Андрей Битов: Мираж сюжета — страница 16 из 74

В 1949 году выбор Андрея пал на роман английского сочинителя Даниеля Дэфо «Жизнь, необыкновенные и удивительные приключения Робинзона Крузо, моряка из Йорка, прожившего 28 лет в полном одиночестве на необитаемом острове у берегов Америки близ устьев реки Ориноко, куда он был выброшен кораблекрушением, во время которого весь экипаж корабля, кроме него, погиб; с изложением его неожиданного освобождения пиратами, написанные им самим».

Это было первое осознанное чтение Битова на пока еще весьма отдаленных подступах к поприщу. Он вспоминал: «Первой книгой, которую я осилил, был “Робинзон Крузо”… читал по буквам… медленность, по-видимому, научила меня главному свойству: что читать так возможно только очень качественные тексты, потому что некачественный текст таким слабоумным способом прочесть нельзя… Мать ходила на рынок и выменяла какое-то одеяло на две книги, в подарок на мой день рождения. Одна была “Робинзон Крузо”, вторая – “Записки охотника”, из “Золотой серии”. Так началась моя личная библиотека (потом к этому списку прибавились “Три мушкетера”. – М. Г.). Книги эти я хранил до последнего, но в результате подарил своему внуку. “Робинзон Крузо” дал мне три понятия, для меня очень важных: одиночество, остров и отсутствие кого бы то ни было вокруг. Это стало основным условием жизни. И оно до сих пор живо. И понятие Робинзона для меня до сих пор важно. Пристрастие к путешествиям послужило источником интереса к русским пространствам. Поскольку я влюбился в фигуру Пржевальского, я стал читать его биографию, она меня восхитила. Я искал портрет Пржевальского, чтобы повесить над кроватью, но не получилось найти, я нашел портрет нашего Робинзона, Миклухо-Маклая».

Знаменитые иллюстрации Д. Н. Кардовского к роману, действительно, давали повод говорить о сходстве главного героя Даниеля Дефо и Николая Николаевича Миклухо-Маклая.

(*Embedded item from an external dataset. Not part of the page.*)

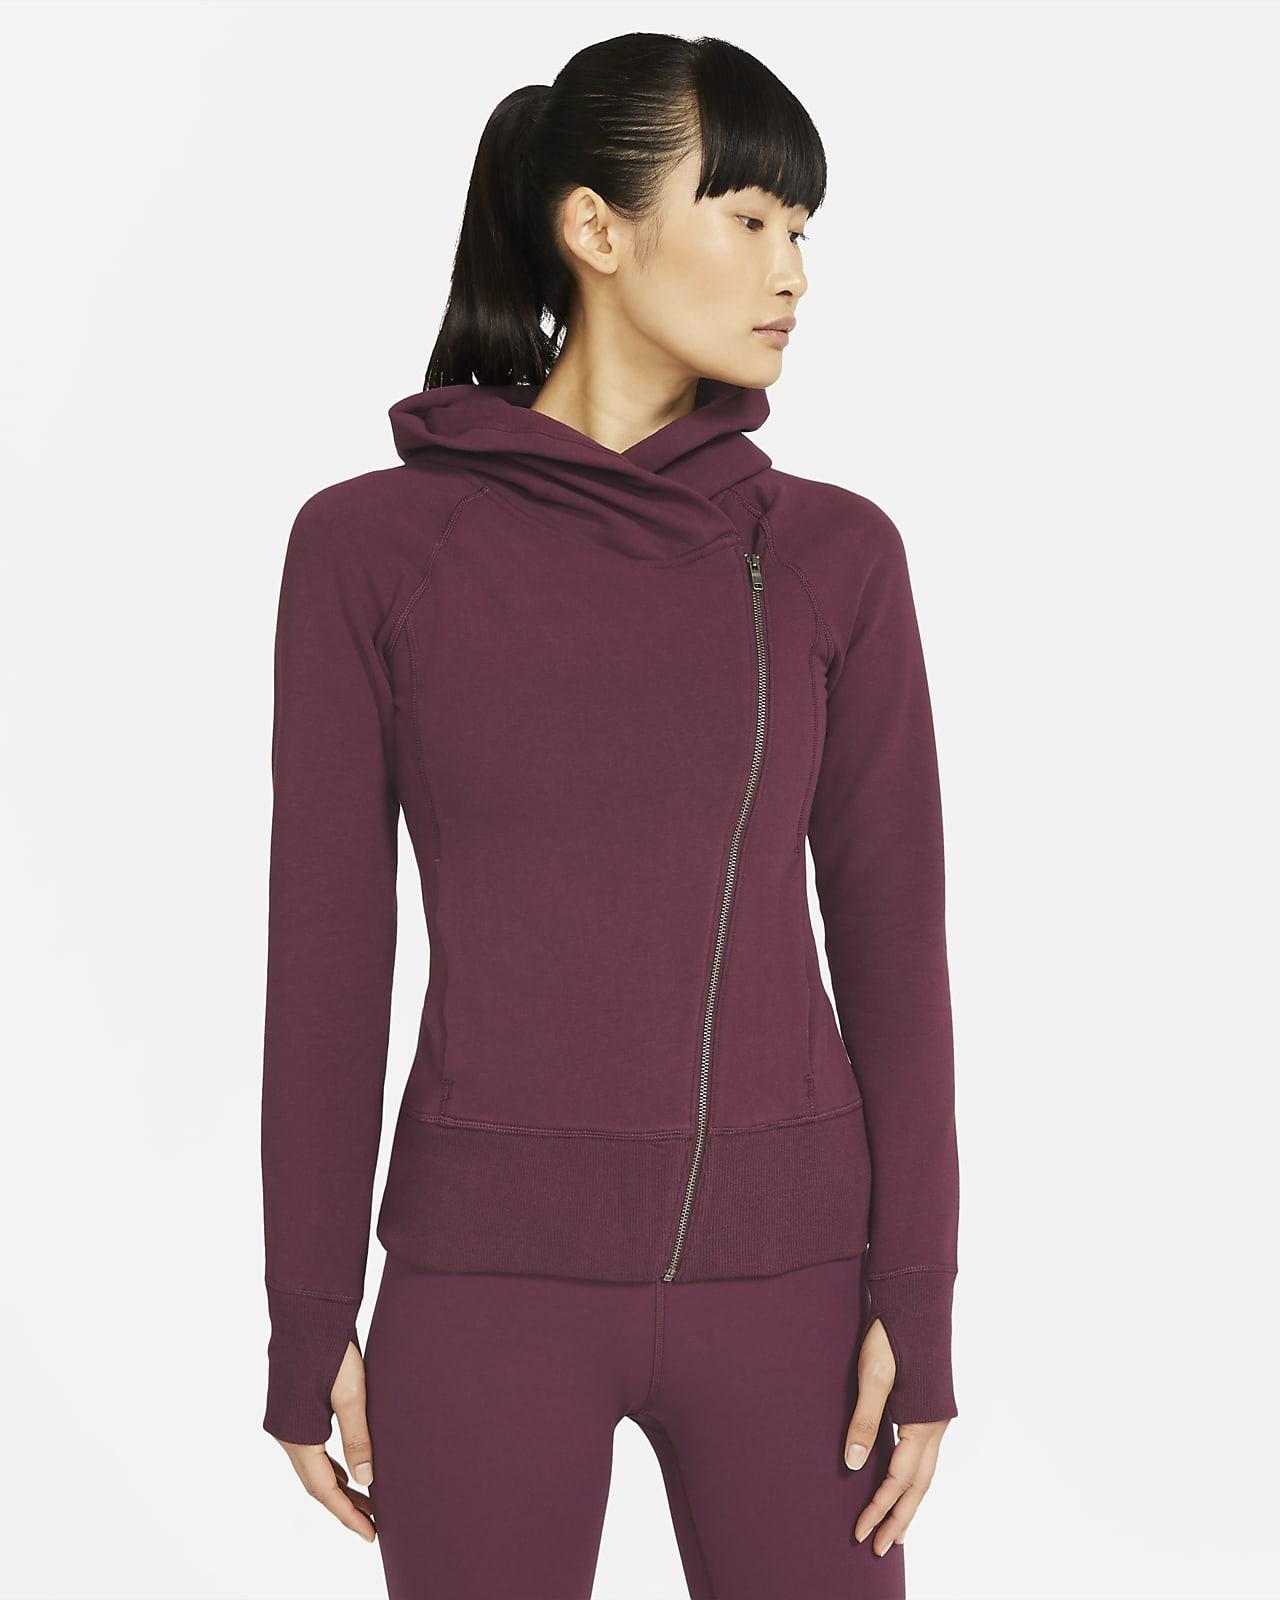 Nike Yoga 女款全長式拉鍊連帽上衣

Впрочем, внешне легендарный русский путешественник походил и на Джузеппе Верди, и на Всеволода Гаршина, и на Николая Гавриловича Чернышевского, и на еще одного великого итальянца Джузеппе Гарибальди в молодости.

А вот на кого был похож Пржевальский?

На этот подсознательный вопрос юный Битов мог отвечать с детской непосредственностью, не думая, не шутя, не лукавя, – на Сталина, потому что его портреты висели везде. Мысленно подписывал изображение «друга всех путешественников и физкультурников» – «Николай Михайлович Пржевальский», и вешал его над своей кроватью рядом с физической картой мира.

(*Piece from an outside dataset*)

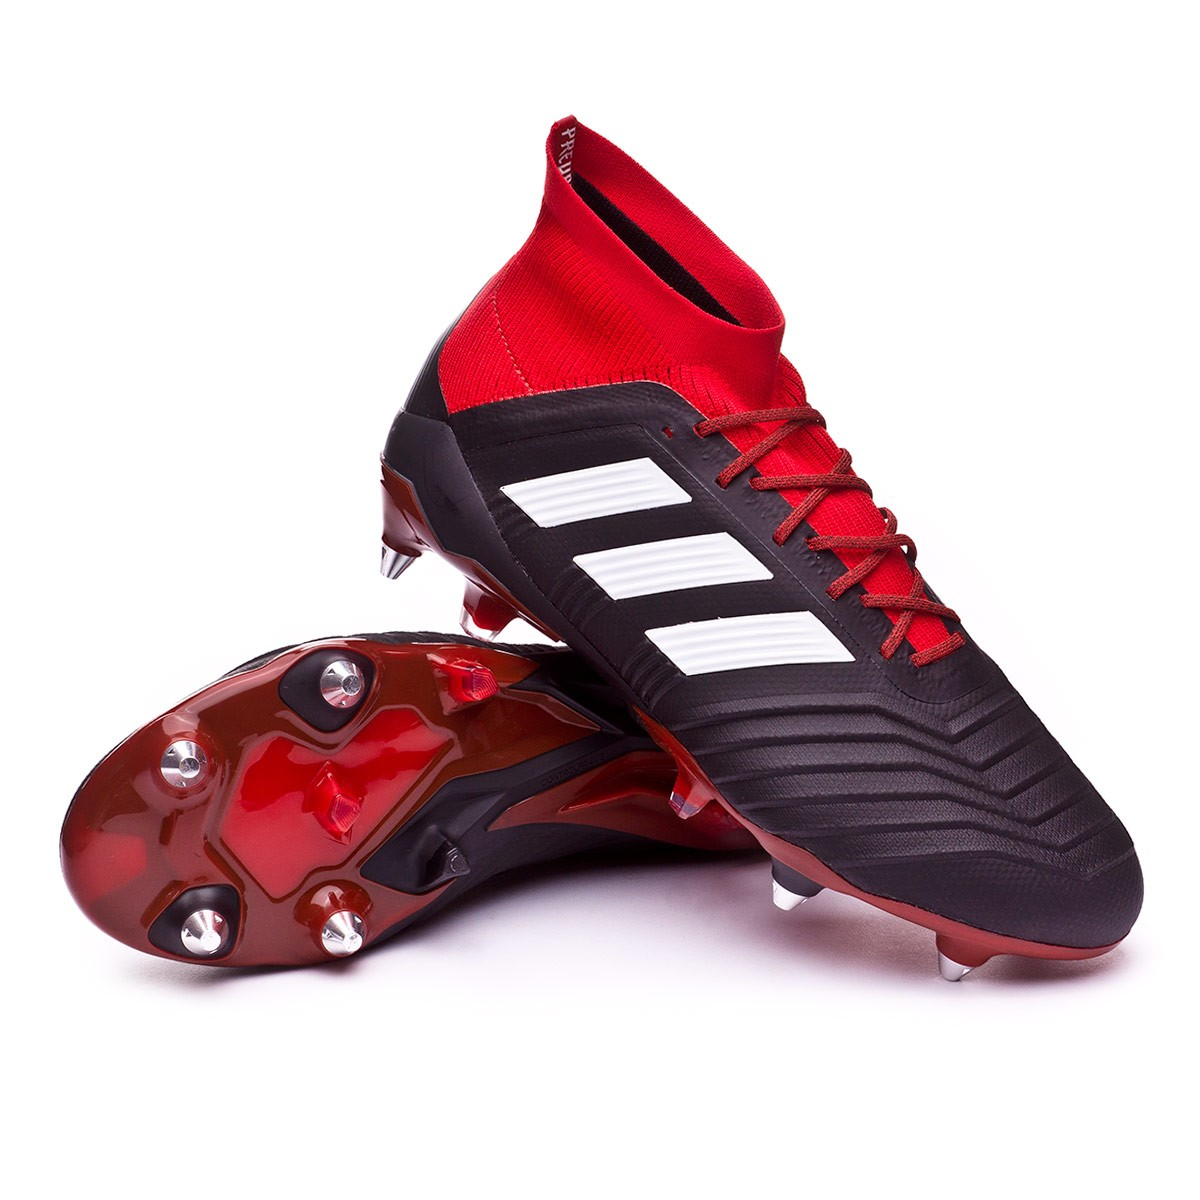 bota-adidas-predator-18.1-sg-core-black-

При желании в этом можно было бы найти некий глубинный смысл, усмотреть своеобычную иллюстрацию к гипотезе Карла Маркса и Фридриха Энгельса о неизбежности мировой революции. Впрочем, ничего подобного, разумеется, не было (да и желания не возникало), просто, по воспоминаниям автора, «моим любимым предметом была география, моей любимой картой – физическая. О, эта палитра голубого и зеленого, песчаного и коричневого! Там проходила все-таки советская граница. За сибирским разливанным низменным морем, коричневея, сгущаясь в Памире, уходя в Монголию и далее… Тибет, Лхаса, мечта Пржевальского… Он так и не дошел. Я дойду! Пусть кто-то мечтал о Париже, я – о Монголии… Голос ли крови аукался через полтысячелетия после ига?.. Про модную нынче реинкарнацию тогда еще не знали. Мы собирали желуди для лесозащитных полос ВСППП (Великого Сталинского Плана Покорения Природы). Желуди я любил – они были цвета Тибета».

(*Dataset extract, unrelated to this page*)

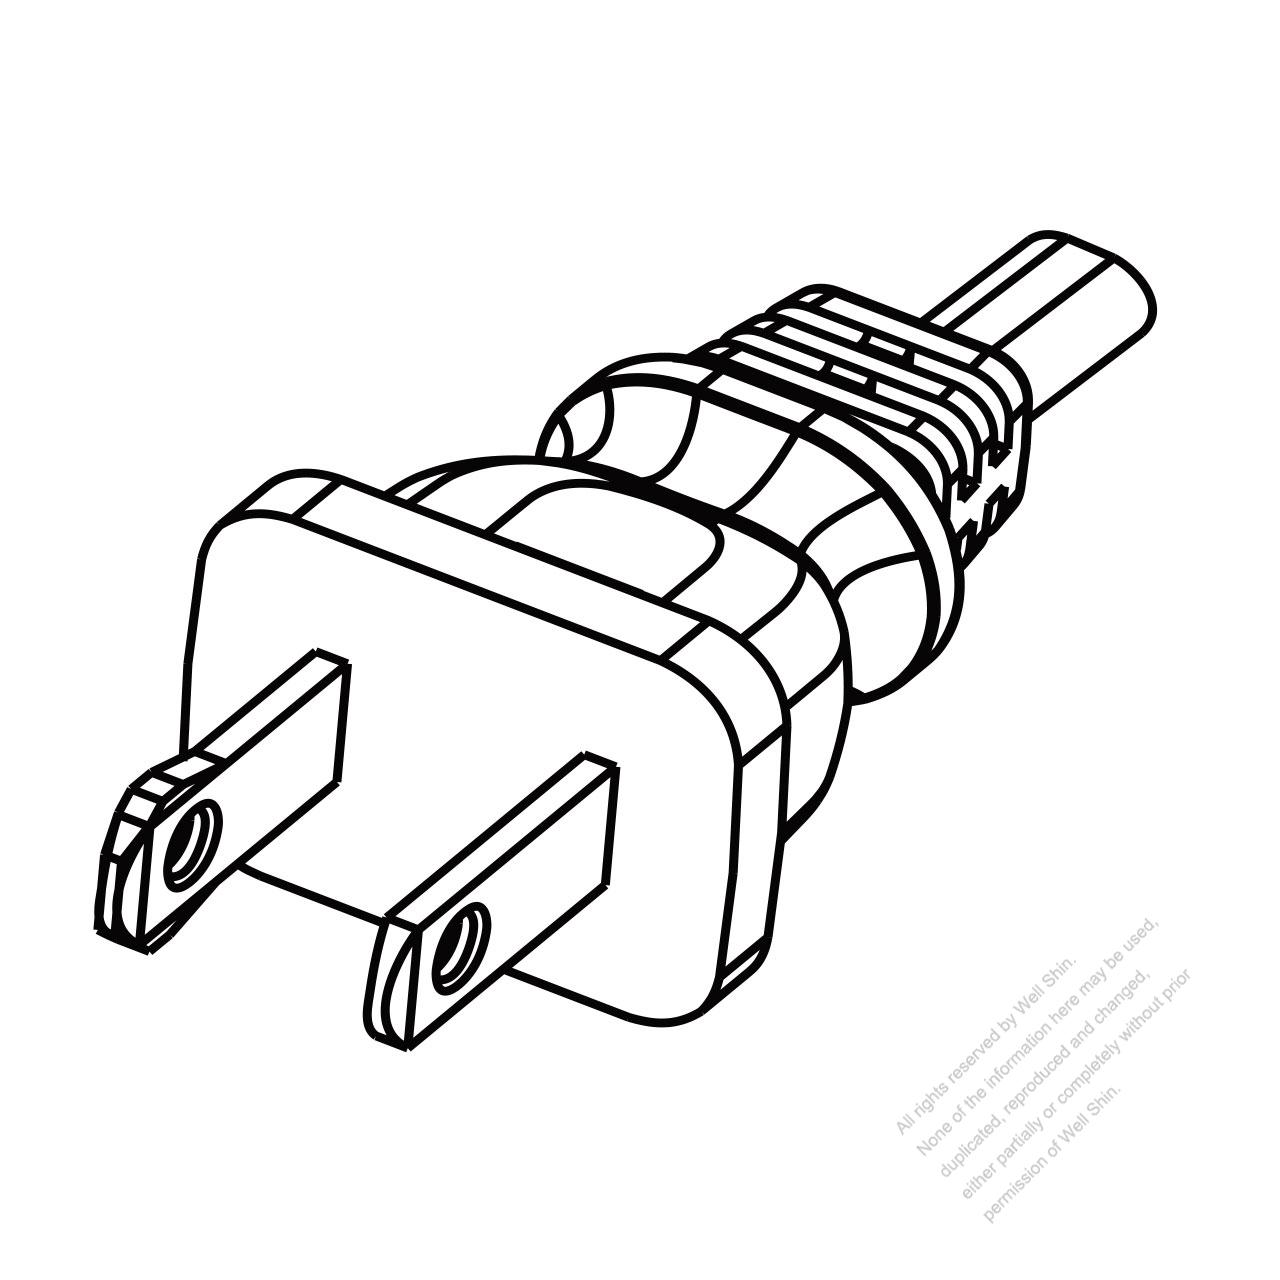 US/Canada 2 Pin NEMA 1-15P Polarized Plug/ Cable End Remove Outer ...

Такова версия, откуда у Андрюши все-таки мог появиться потрет Пржевальского. Тем более, что Битов позже признавался: «К Сталину я не испытывал никаких особенных чувств, а вот Пржевальского любил. Портрет его висел у меня над кроватью. И памятник верблюду в Адмиралтейском саду вызывал у меня особые чувства. Поэтому один из апокрифов рождения вождя… что вождь наш бастард не грузинско-княжеский, и не осетинский, не армянский, а Пржевальский (как лошадь), не вызвал у меня ни гнева, ни восторга».

Замещение одного мифологического персонажа другим произошло в детском сознании вполне естественно и безболезненно, оно было своего рода тайной игрой в визуальную похожесть, в ассоциации, игрой, в которой Алашанские горы, пустыню Цайдам и Тибетское нагорье на маленькой мохнатой лошадке преодолевал товарищ Сталин, а на трибуне перед делегатами XVIII съезда ВКП(б) выступал Николай Михайлович Пржевальский (интерес к личности великого русского путешественника и военного топографа в те годы был подогрет публикацией его трудов, а также фильмом Сергея Юткевича «Пржевальский» с Борисом Тениным и Всеволодом Ларионовым в главных ролях).

Из «Постскриптума» Андрея Битова: «В том же 49-м году было 150-летие Пушкина. И был удар будущего назначения: мне поручили доклад по Пушкину. И я старательно читал Пушкина, наверняка не все понимая. Но тем не менее всех сумел утомить докладом. А это совпадало с 70-летием Сталина, и поэтому юбилею поэта придавалось особое значение. Я думаю, Сталин себя видел на фоне Пушкина. На уровне семинарии он был образованным человеком, более чем прочие члены политбюро. Он был читателем. И не неглупым он тоже был. Хотя и тиран.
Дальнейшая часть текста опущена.